If you're curious about the heaviest weighted tf-idf terms in each
cluster the next code chunk provides the top five weighted terms used in
each cluster. If a cluster has ...
no terms met the minimum tf-idf
cut-off. Below this I provide a bar plot of the frequencies of clusters
to help put the other information into perspective.
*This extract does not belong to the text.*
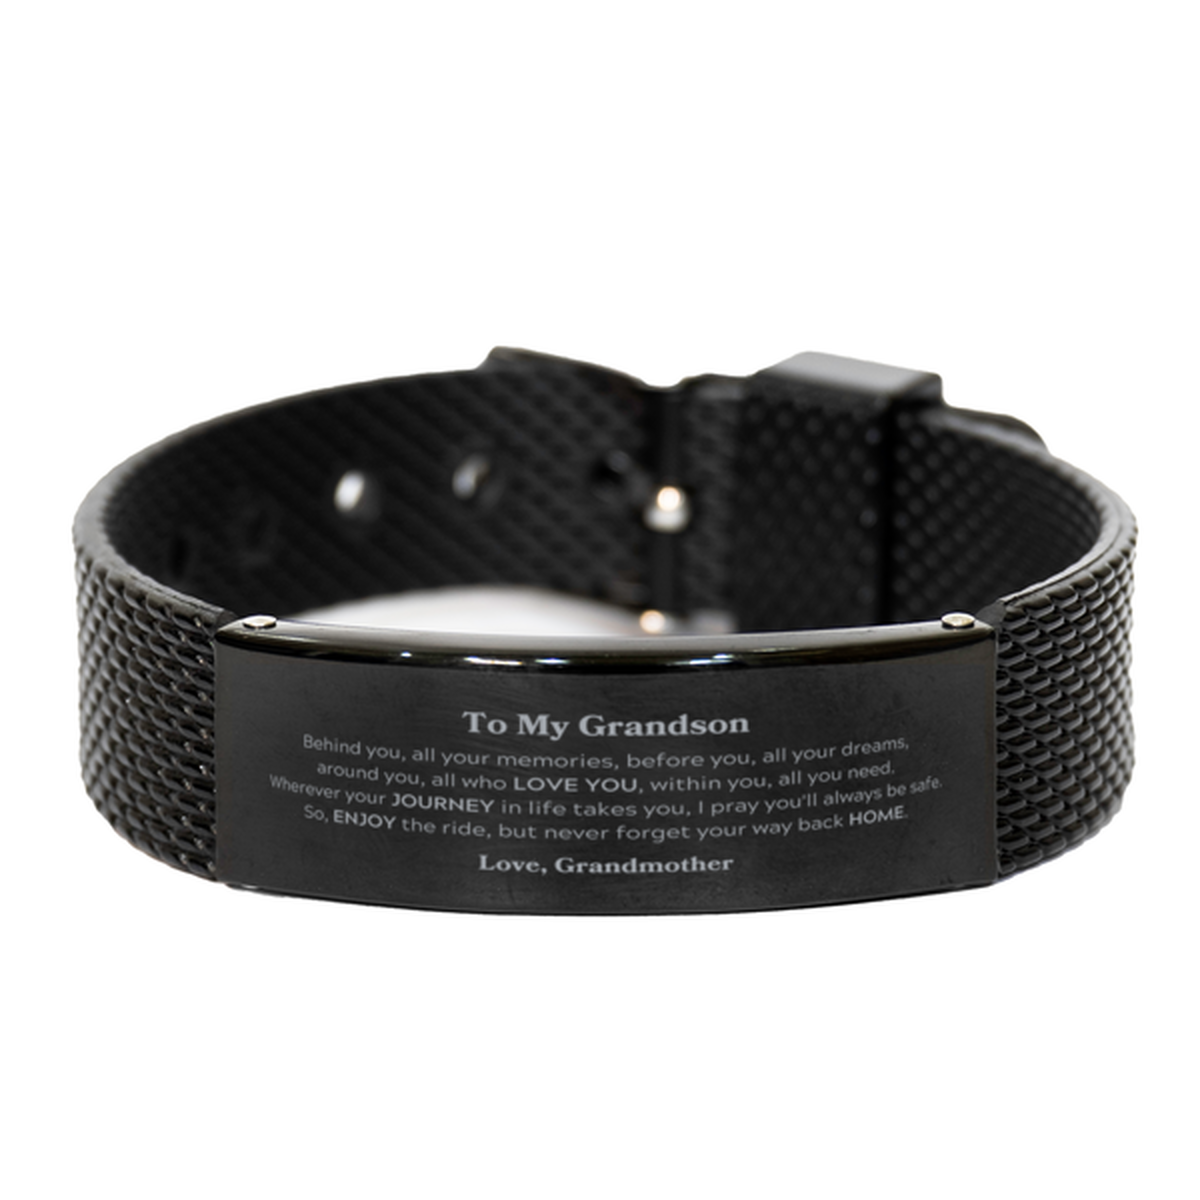 To My Grandson Graduation Gifts from Grandmother, Grandson Black Shark Mesh Bracelet Christmas Birthday Gifts for Grandson Behind you, all your memories, before you, all your dreams. Love, Grandmother

invisible(Map(function(x, y){
if (is.null(x)) {
cat(sprintf("Cluster %s: ...\n", y))
} else {
m <- dplyr::top_n(x, 5, n)
o <- paste(paste0(m[[1]], " (", m[[2]], ")"), collapse="; ")
cat(sprintf("Cluster %s: %s\n", y, o))
}
}, get_terms(ca5, .02), names(get_terms(ca5, .02))))
## Cluster 1: medicare (5); back (2); topic (2)
## Cluster 2: can (3); get (3); just (3); candy (2); chance (2); going (2); indicated (2); major (2); mister (2); president (2); private (2); product (2); second (2); someone (2); spontaneous (2); still (2)
## Cluster 3: sorry (3)
## Cluster 4: absolutely (3)
## Cluster 5: dodd (3); frank (3); regulation (3); banks (2)
## Cluster 6: yes (3)
## Cluster 7: let (4); bob (2)
## Cluster 8: ...
## Cluster 9: first (3); one (3); way (3); become (2); came (2); cut (2); governor (2); israel (2); nation (2); number (2); office (2); sunday (2)
## Cluster 10: time (3); issue (2); used (2)
## Cluster 11: well (3)
## Cluster 12: respond (2)
## Cluster 13: ...
## Cluster 14: choice (2); economy (2); election (2); forward (2); whether (2)
## Cluster 15: companies (2); investing (2)
## Cluster 16: great (3)
## Cluster 17: done (3); leadership (3); get (2); role (2)
## Cluster 18: say (3); party (2)
## Cluster 19: energy (3)
## Cluster 20: yeah (3); good (2); thanks (2)
## Cluster 21: detroit (3); answer (2)
## Cluster 22: coal (3); oil (3); bunch (2); governor (2); iowa (2); jobs (2); wind (2)
## Cluster 23: cut (2); federal (2); land (2); licenses (2); permits (2); waters (2)
## Cluster 24: true (4)
## Cluster 25: cut (3); much (3)
## Cluster 26: question (5); answer (3)
## Cluster 27: right (2)
## Cluster 28: actually (3); got (2)
## Cluster 29: production (4); government (2); land (2)
## Cluster 30: governor (9); romney (2)
## Cluster 31: believe (2)
## Cluster 32: candy (5)
## Cluster 33: balance (2); budget (2); military (2); trillion (2)
## Cluster 34: women (3)
## Cluster 35: want (5); make (4); sure (4); immigration (2)
## Cluster 36: ...
## Cluster 37: lorraine (2)
## Cluster 38: pension (4); chinese (2); investments (2); looked (2); mister (2); outside (2); trust (2)
## Cluster 39: check (3); record (3)
## Cluster 40: pakistan (2)
## Cluster 41: act (3); attack (3); terror (3); day (2); garden (2); rose (2); said (2)
## Cluster 42: troops (4); agreement (2); forces (2); thought (2); thousand (2)
## Cluster 43: happy (3)
## Cluster 44: indicated (3)
## Cluster 45: syria (3)
## Cluster 46: ten (2); years (2)
## Cluster 47: iran (2)
## Cluster 48: industry (3); liquidate (3)
## Cluster 49: look (3); can (2); people (2)
## Cluster 50: wrong (4)
invisible(summary(ca5))
It appears that in fact the topics do cluster within segments of time as we'd expect. This is more apparent when turn of talk is used as the unit of analysis (document level) rather than each sentence.